Pada dasarnya politik selalu mengandung konflik dan persaingan kepentingan. Suatu konflik biasanya berawal dari kontroversi-kontroversi yang muncul dalam berbagai peristiwa politik, dimana kontroversi tersebut diawali dengan hal-hal yang abstrak dan umum, kemudian bergerak dan berproses menjadi suatu konflik (Hidayat, 2002:124).
Konflik politik merupakan salah satu bentuk konflik sosial, dimana keduanya memiliki ciri-ciri mirip, hanya yang membedakan konflik sosial dan politik adalah kata politik yang membawa konotasi tertentu bagi sitilah konflik politik, yakni mempunyai keterkaitan dengan negara/ pemerintah, para pejabat politik/pemerintahan, dan kebijakan (Rauf, 2001:19).
Konflik politik merupakan kegiatan kolektif warga masyarakat yang diarahkan untuk menentang keputusan politik, kebijakan publik dan pelaksanaannya, juga perilaku penguasa beserta segenap aturan, struktur, dan prosedur yang mengatur hubungan-hubungan diantara partisipan politik (Surbakti, 1992:151).

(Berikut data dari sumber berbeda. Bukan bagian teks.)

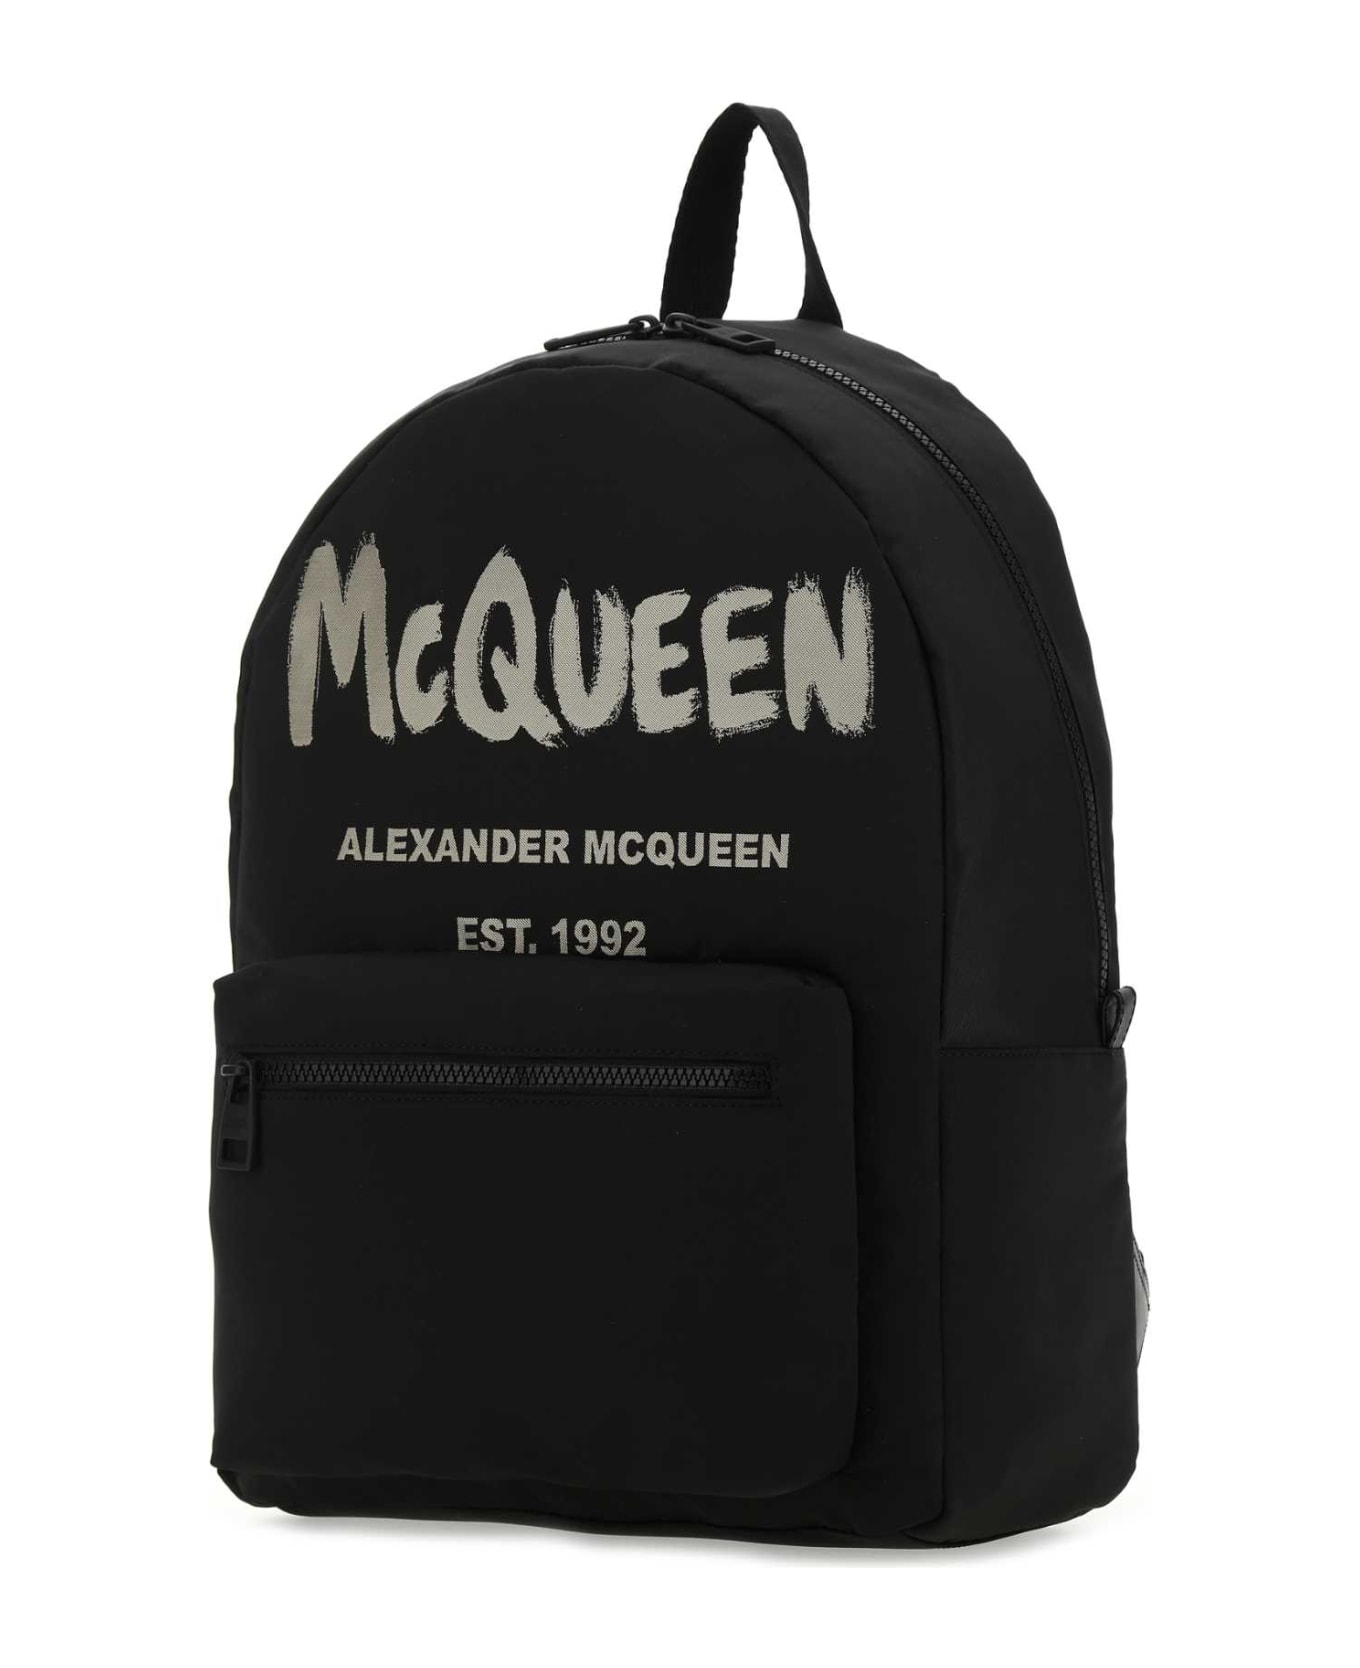 Alexander McQueen Black Canvas Metropolitan Backpack - 1073

Sebagai aktivitas politik, konflik merupakan suatu jenis interaksi (interaction) yang ditandai dengan bentrokan atau tubrukan diantara kepentingan, gagasan, kebijaksanaan, program, dan pribadi atau persoalan dasar lainnya yangsatu sama lain saling bertentangan (Plano, dkk, 1994:40).

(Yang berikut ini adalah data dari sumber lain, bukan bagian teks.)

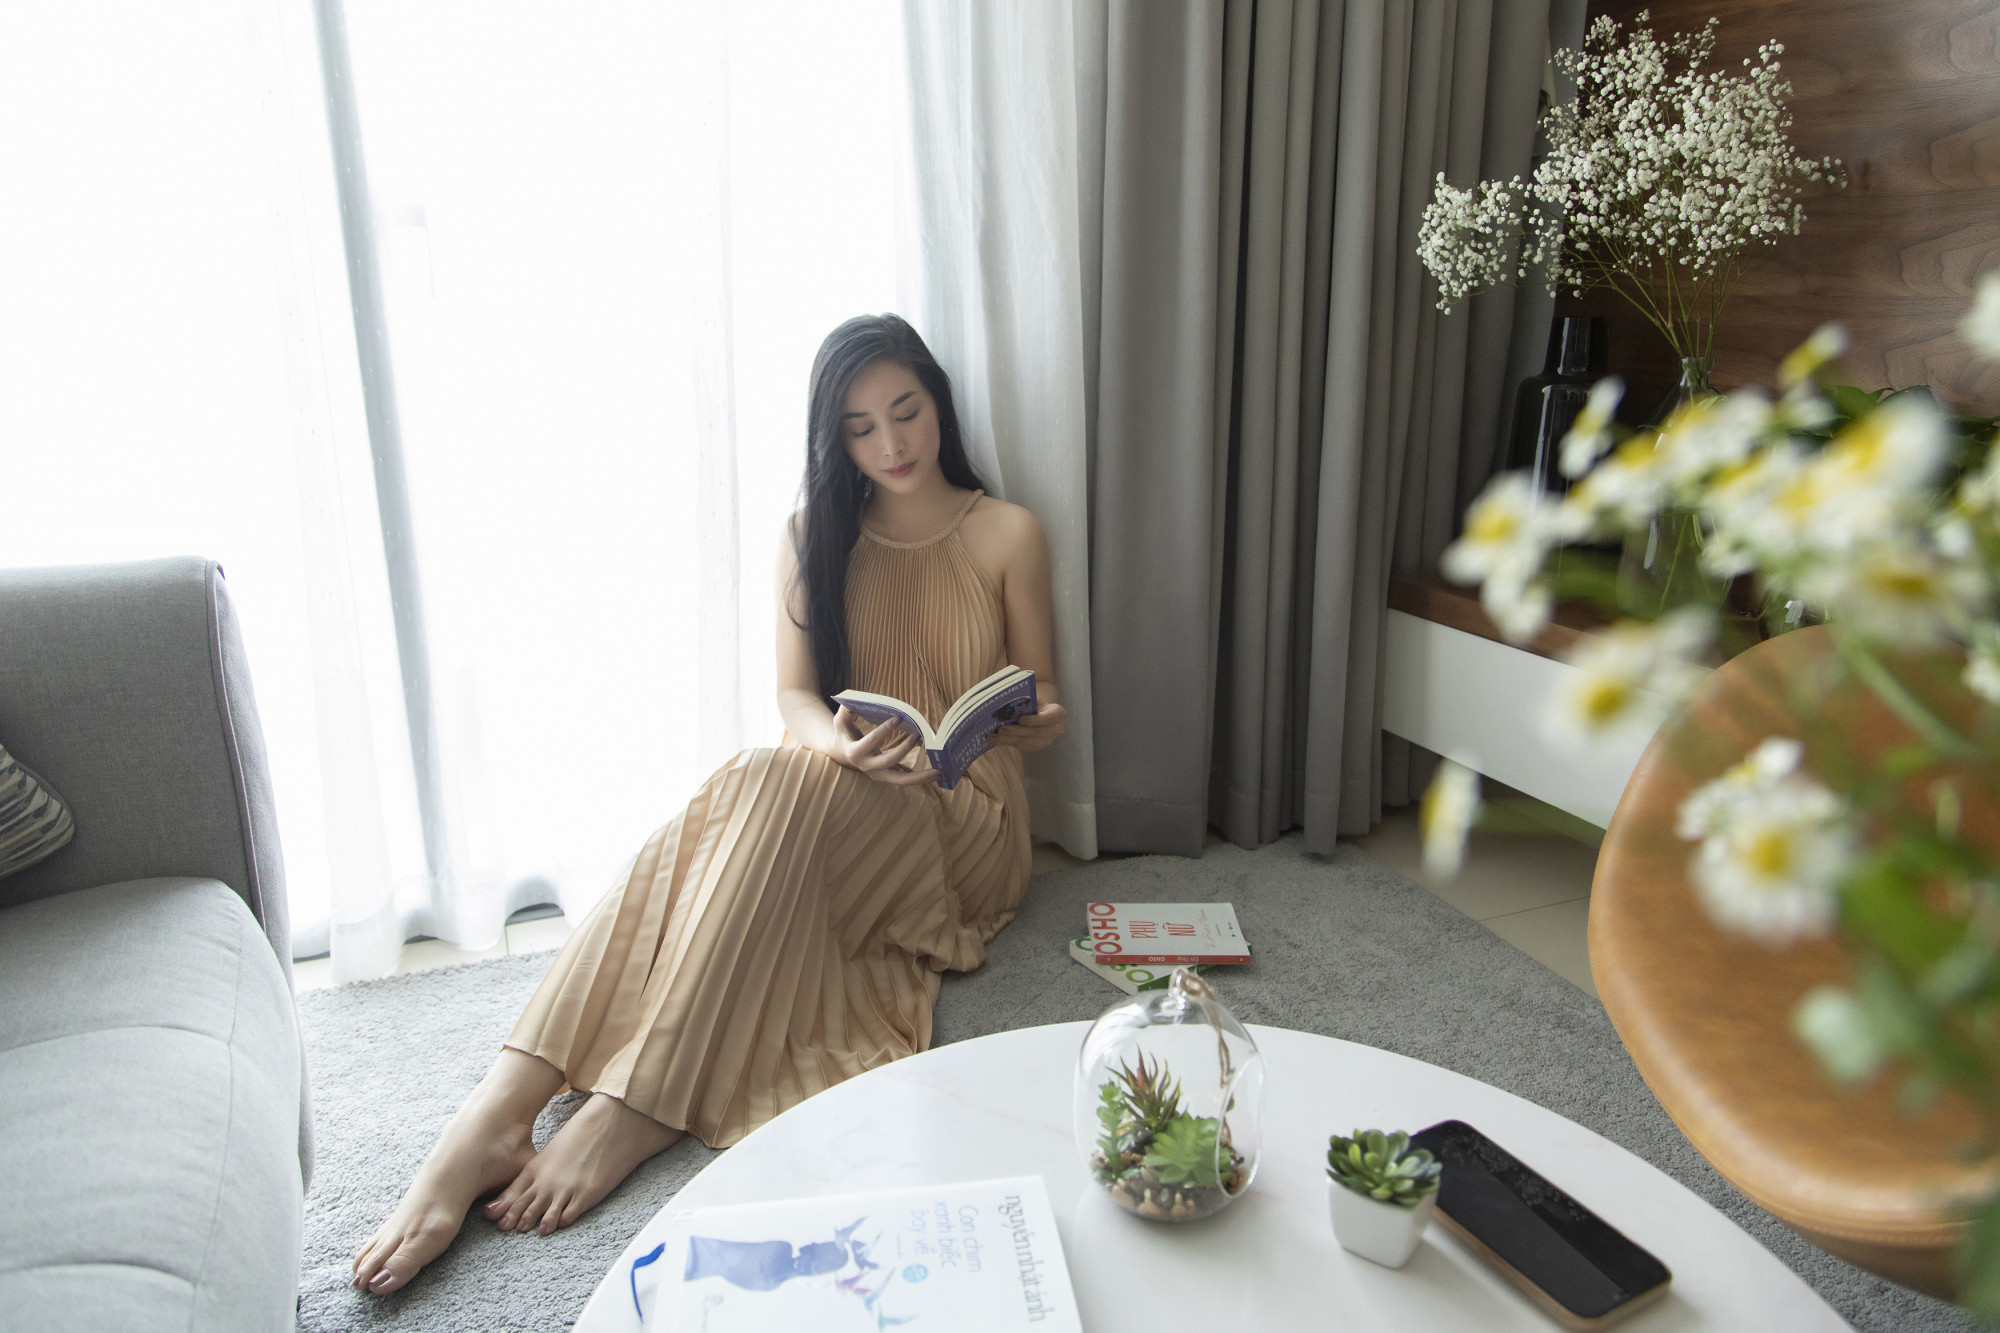 Thời gian qua, diễn viên Mai Thanh Hà ở nhà, nghiêm chỉnh chấp hành quy định giãn cách xã hội. Nữ diễn viên có nhiều hoạt động thú vị để mỗi ngày không buồn chán như: đọc sách, nấu ăn, xem phim...

Dengan demikian, makna benturan diantara kepentingan tadi, dapat digambarkan seperti perbedaan pendapat, persaingan dan pertentangan antara individu dan individu, individu dengan kelompok, kelompok dengan individu atau individu, kelompok dengan pemerintah (Surbakti, 1992:149).

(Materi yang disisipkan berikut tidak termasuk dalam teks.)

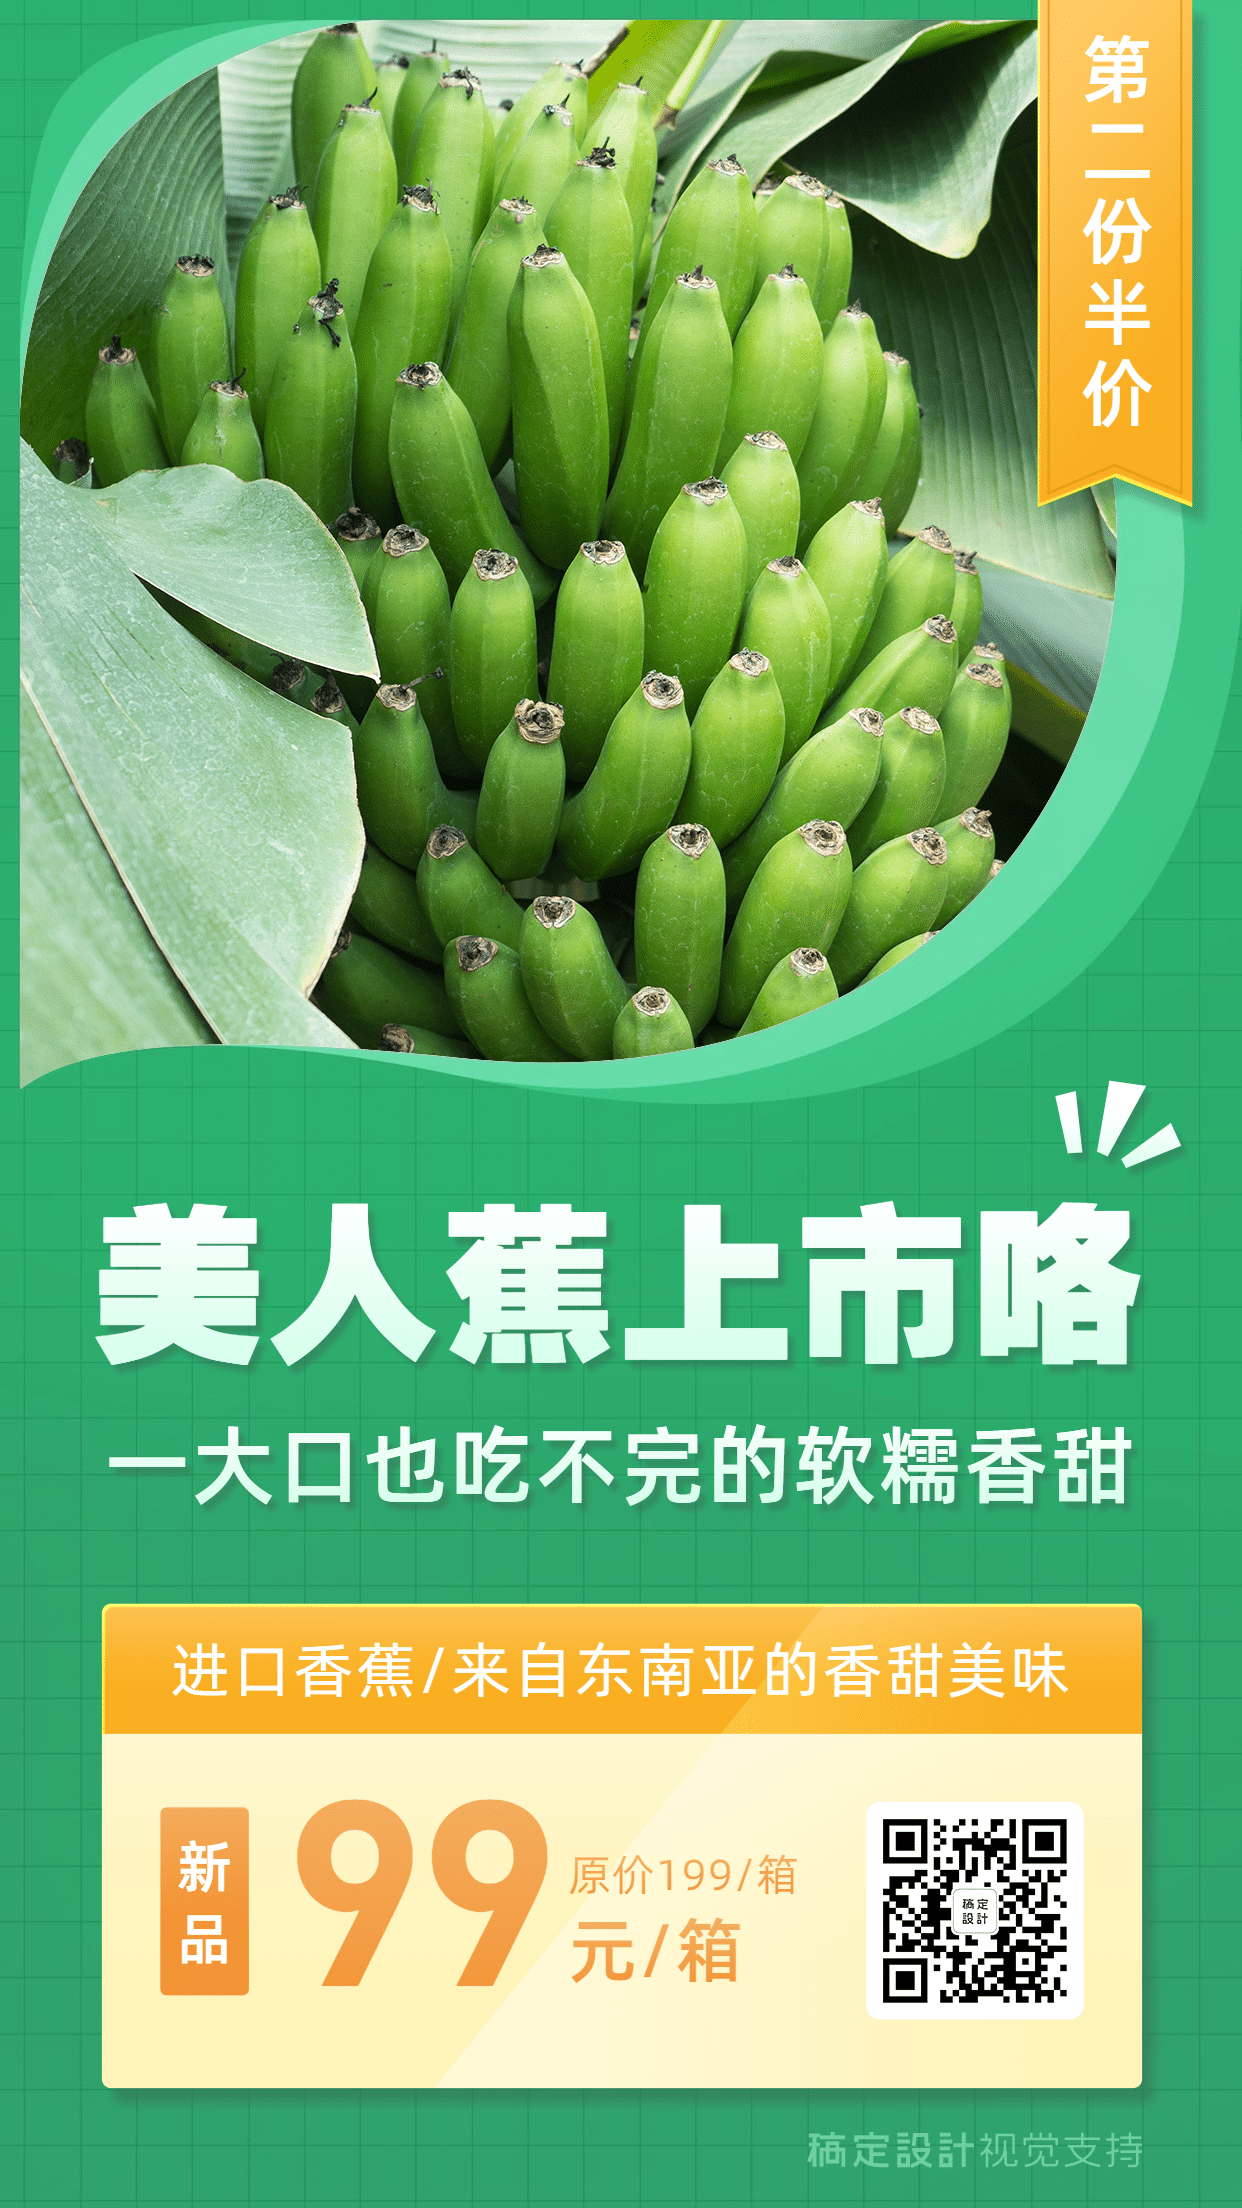 绿色产品介绍生鲜水果营销海报

Salah satu faktor yang menggerakkan potensi konflik menjadi terbuka (manifest conflict), menurut Eric Hoffer adalah faktor keinginan akan perubahan dan keinginan mendapat pengganti Faktor tersebut, suatu saat, mampu menggerakkan sebuah gerakan massa yang bergerak seketika, menuntut perubahan revolusioner (Hoffer:1998).
Teori-Teori Penyebab Konflik
Konflik sebagai akibat dari menajamnya perbedaan dan kerasnya benturan kepentingan yang saling berhadapan, disebabkan oleh beberapa latar belakang yang ada. Pertama, adanya latar belakang sosial politik, ekonomi dan sosial budaya yang berbeda dan memiliki pengaruh yang sangat kuat. Kedua, adanya pemikiran yang menimbulkan ketidak sepahaman antara yang satu dengan yang lain. Ketiga, adanya sikap tidak simpatik terhadap suatu pihak, sistem dan mekanisme yang ada dalam organisasi. Keempat, adanya rasa tidak puas terhadap lingkungan organisasi, sikap frustasi, rasa tidak senang, dan lain-lain, sementara tidak dapat berbuat apa-apa dan apabila harus meningggalkan kelompok, berarti harus menanggung resiko yang tidak kecil. Kelima, adanya dorongan rasa harga diri yang berlebih-lebihan dan berakibat pada keinginan untuk berusaha sekuat tenaga untuk melakukan rekayasa dan manipulasi (Hidayat, 2002:124).
Simon Fisher (2001:7-8) menjelaskan teori penyebab konflik dalam masyarakat. Pertama, teori hubungan masyarakat, bahwa konflik yang terjadi lebih disebabkan polarisasi, ketidakpercayaan (distrust) maupun permusuhan antar kelompok yang berada ditengah-tengah masyarakat kita. Kedua, teori negosiasi prinsip, bahwa konflik disebabkan oleh posisi-posisi yang tidak selaras serta perbedaan pandangan tentang konflik antara pihak-pihak yang terlibat didalamnya.
Ketiga, teori kebutuhan manusia, bahwa konflik yang muncul ditengah masyarakat disebabkan perebutankebutuhan dasar manusia, seperti kebutuhan fisik, mental dan sosial yang tidak terpenuhi dalam perebutan tersebut. Keempat, teori identitas, bahwa konflik lebih disebabkan identitas yang terancam atau berakar dari hilangnya sesuatu serta penderitaan masa lalu yang tidak terselesaikan. Kelima, teori transformasi konflik, bahwa konflik disebabkan oleh hadirnya masalah-masalah ketidaksetaraan dan ketidakadilan dalam ranah kehidupan sosial, ekonomi, politik dan kebudayaan.